En quatrième lieu, M. D... n’a pas sollicité la délivrance d’un titre de séjour et fait l’objet d’une mesure d’éloignement sur le fondement de l’article L. 611-1 du code de l'entrée et du séjour des étrangers et du droit d'asile, l’accord franco-algérien ne comportant aucune stipulation relative à l’éloignement du territoire français. Par suite, M. D... n’est pas fondé à soutenir que c’est à tort que l’accord franco-algérien ne lui a pas été appliqué.

En cinquième lieu, M. D... n’est présent en France que depuis avril 2023.Il est célibataire, sans charge de famille, et travaille sans autorisation depuis avril 2025. Il n’est pas dépourvu d’attaches en Algérie où résident ses parents et ses frères et sœurs et où il a vécu jusqu’à l’âge de 34 ans. Dans ces conditions, la seule circonstance qu’il travaille depuis avril 2025 et que résident en France sa tante et ses cousins ne saurait caractériser une intégration intense et durable en France. Par suite, le moyen tiré de la méconnaissance des stipulations de l’article 8 de la convention européenne de sauvegarde des droits de l'homme et des libertés fondamentales doit être écarté. Pour les mêmes motifs, le moyen tiré de ce que la décision attaquée est entachée d’une erreur manifeste d’appréciation doit également être écarté.

Il résulte de l’ensemble de ce qui précède que les conclusions de la requête doivent être rejetées, en ce comprises les conclusions aux fins d’annulation, d’injonction sous astreinte, et au titre des frais exposés et non compris dans les dépens.



D E C I D E :


Article 1er : La requête de M. D... est rejetée.

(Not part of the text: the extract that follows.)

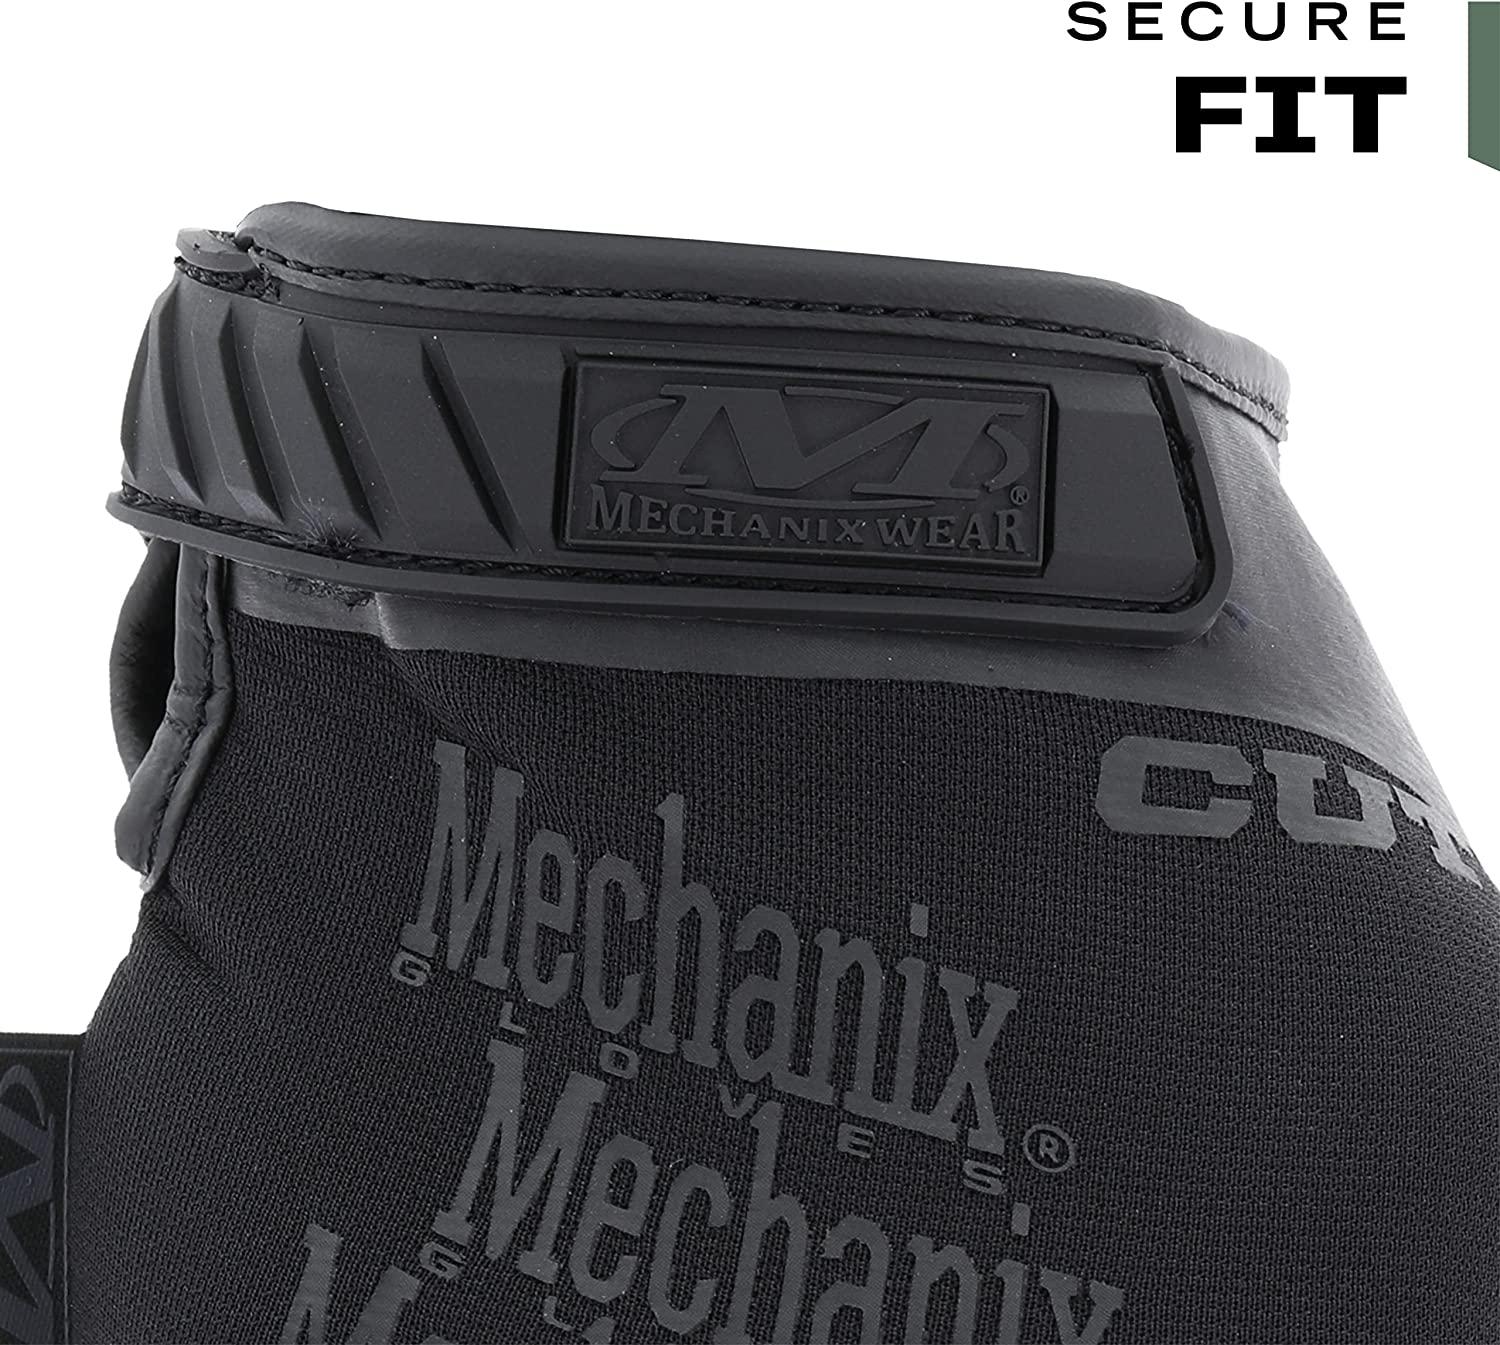 Mechanix Wear: M-Pact Leather Framer Work Gloves - Fingerless
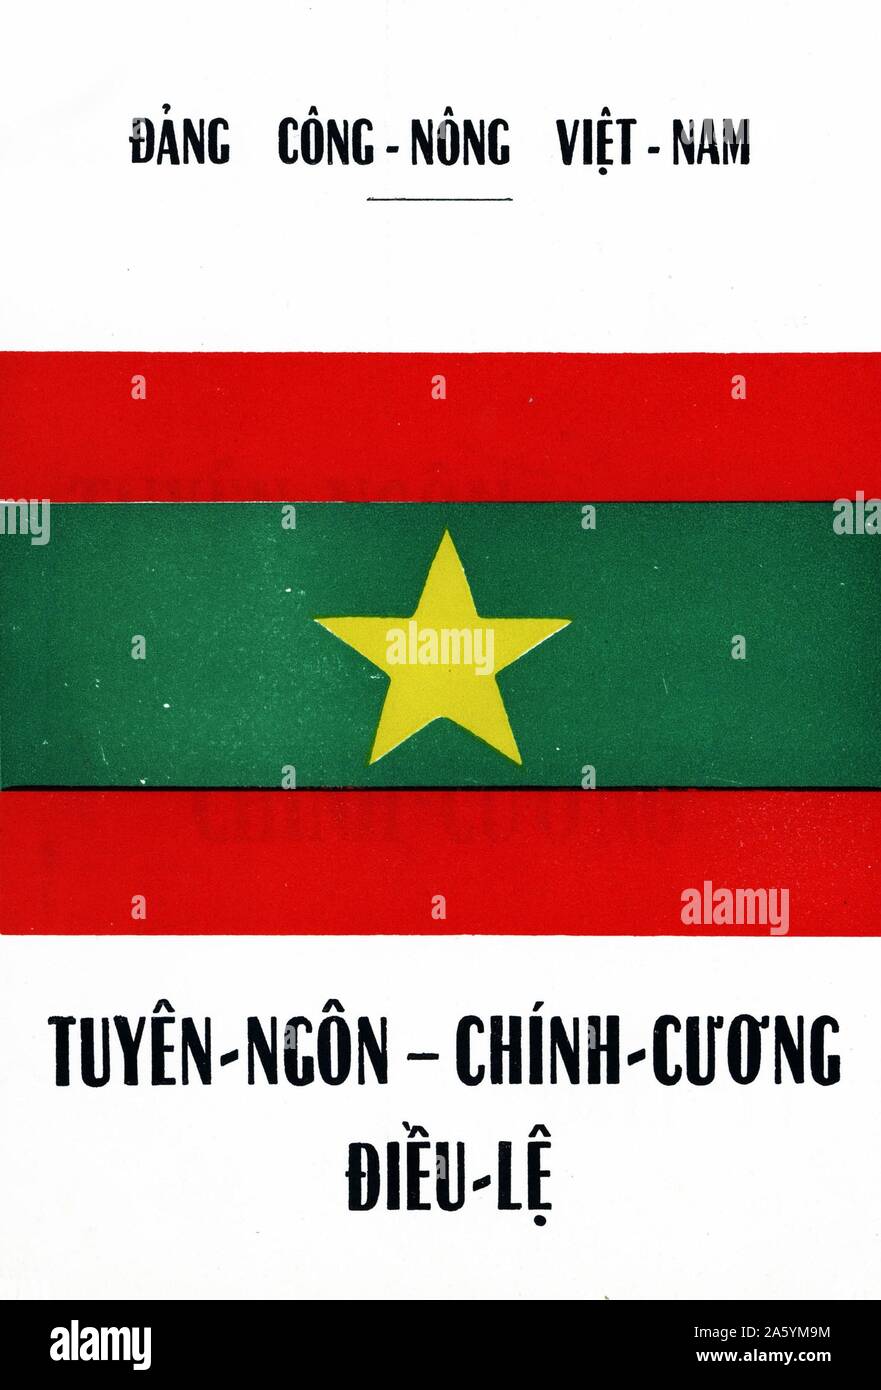 Copertina di un opuscolo sulla Dang Cong Nong (contadini e Partito dei Lavoratori) del Vietnam ha rilasciato durante la guerra del Vietnam Foto Stock

Article 2 : Le présent jugement sera notifié à M. A... D... et à la préfète de la Drôme.


Délibéré après l'audience du 18 novembre 2025, à laquelle siégeaient :

Mme Bedelet, présidente,
Mme Tocut, première conseillère,
Mme André, première conseillère,

Rendu public par mise à disposition au greffe le 15 décembre 2025.




La rapporteure,

C. Tocut
La présidente,

A. Bedelet






Le greffier,




P. Muller

La République mande et ordonne à la préfète de la Drôme en ce qui la concerne ou à tous huissiers de justice à ce requis en ce qui concerne les voies de droit commun contre les parties privées, de pourvoir à l'exécution de la présente décision.